Problem to work on ▸
Set down the data below word for word, and leave the images aside.

Source data ▸
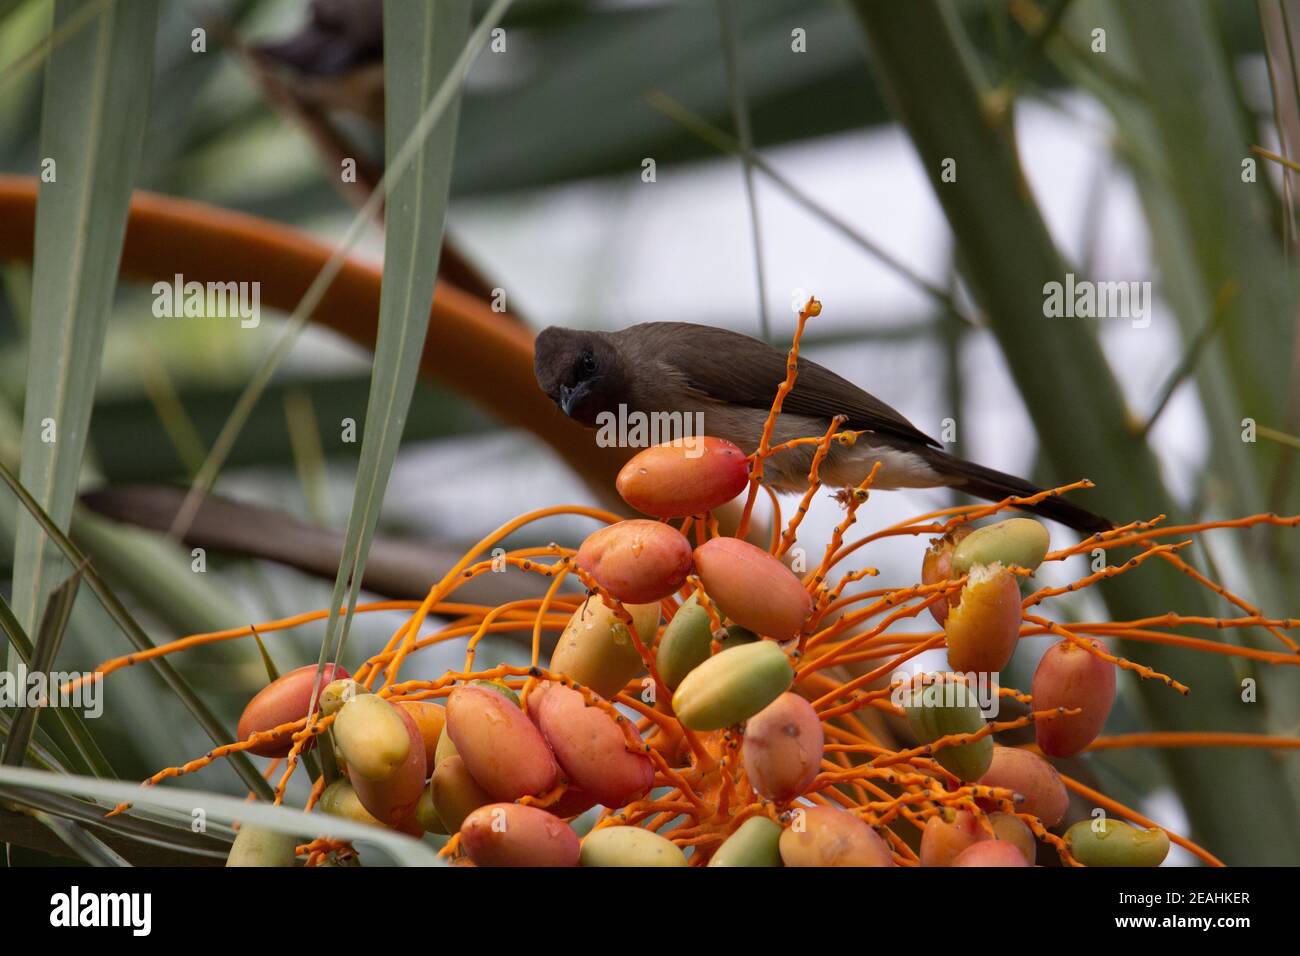 Gemeiner Bulbul (Pycnonotus barbatus) Ein gewöhnlicher Bulbul in einer orangefarbenen und roten Dattelpalme Baum mit Palmenblättern im Hintergrund Stockfoto
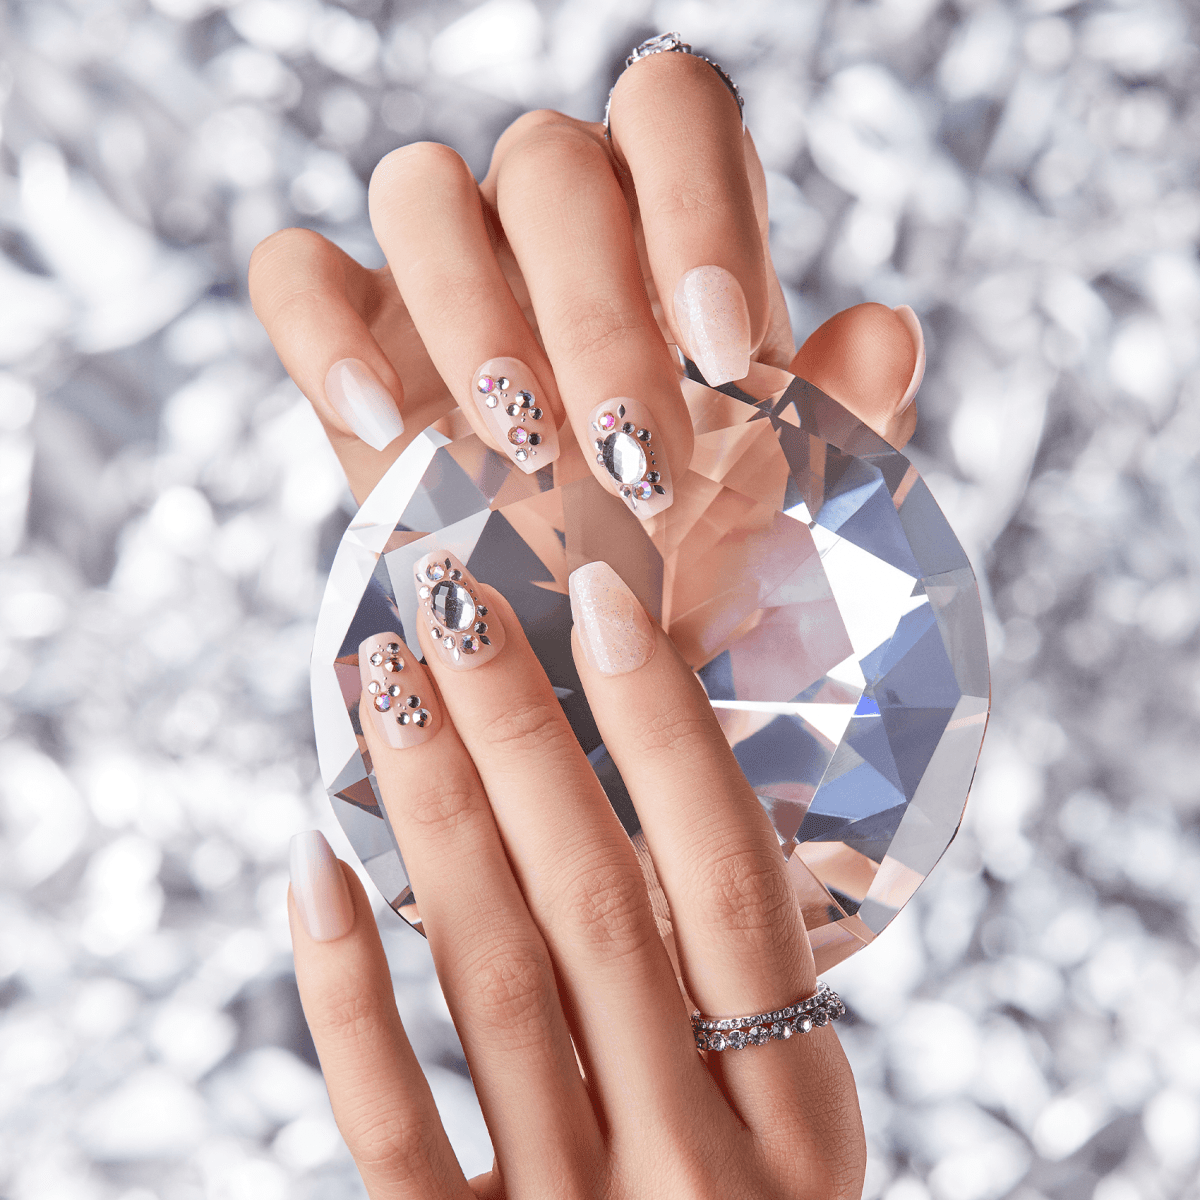 Diamonds for nails  Nail spa, Nails, Nail manicure
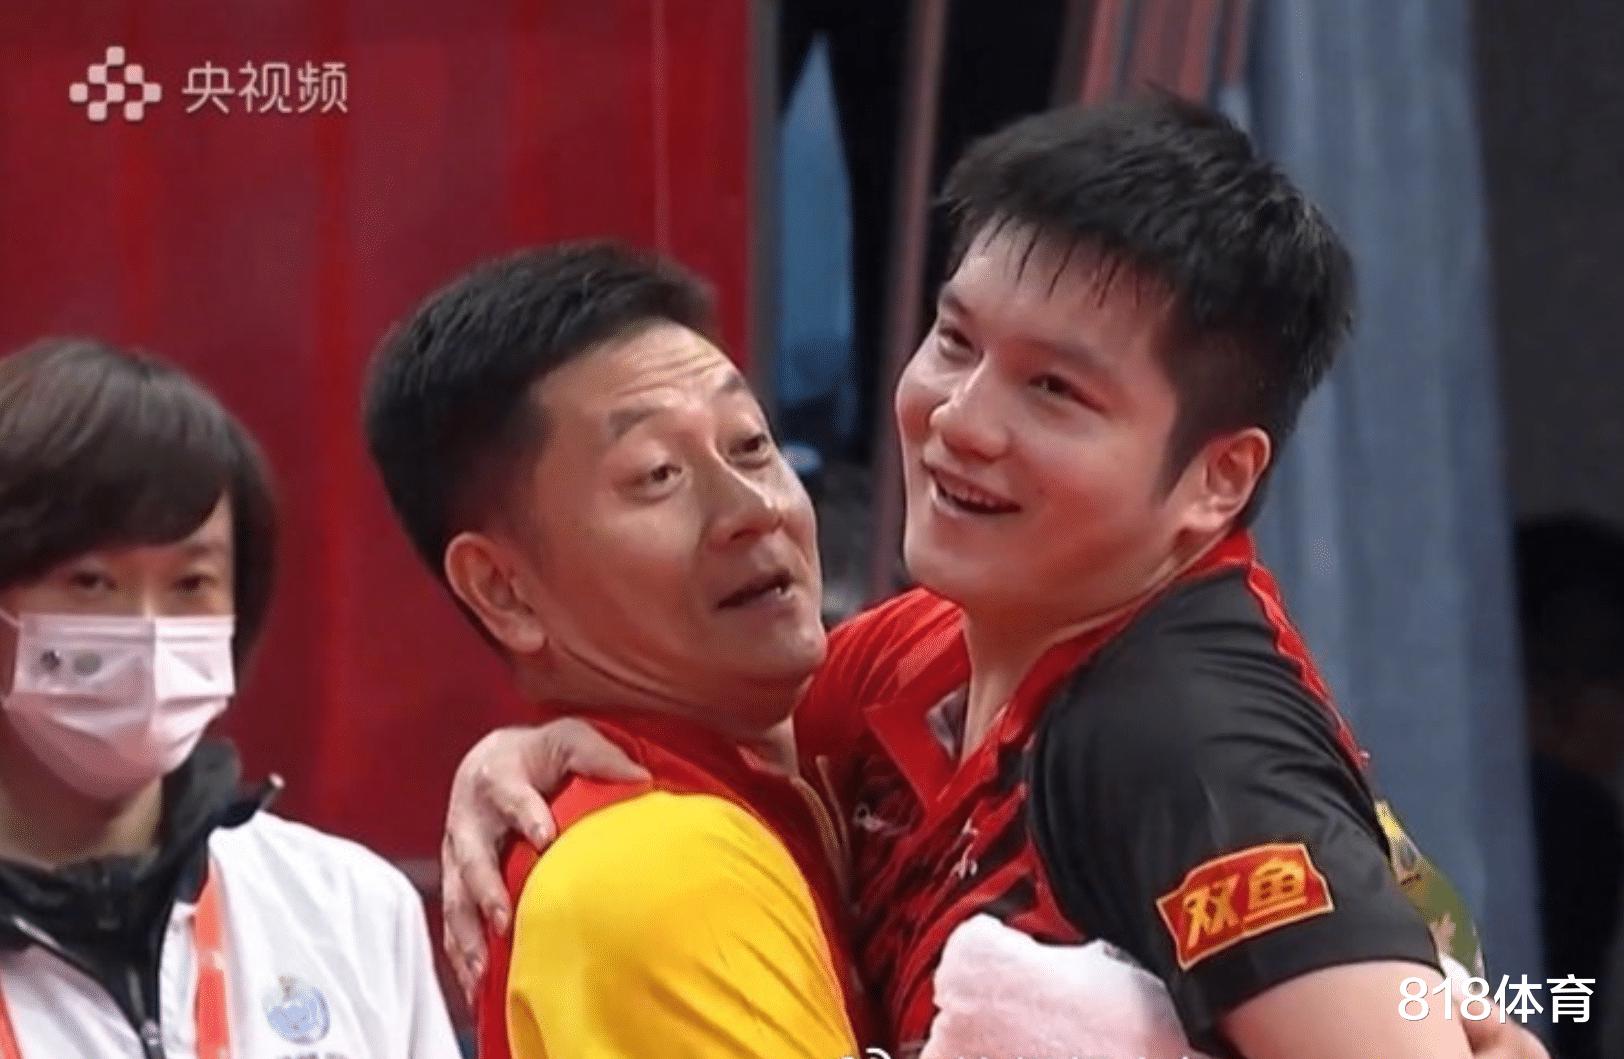 挺举失败! 樊振东夺冠教练尝试抱起他庆祝, 似乎抱起又没完全抱起来(6)

Solution to the exercise ▸
 Gemeiner Bulbul (Pycnonotus barbatus) Ein gewöhnlicher Bulbul in einer orangefarbenen und roten Dattelpalme Baum mit Palmenblättern im Hintergrund Stockfoto
 Diamonds for nails  Nail spa, Nails, Nail manicure
 挺举失败! 樊振东夺冠教练尝试抱起他庆祝, 似乎抱起又没完全抱起来(6)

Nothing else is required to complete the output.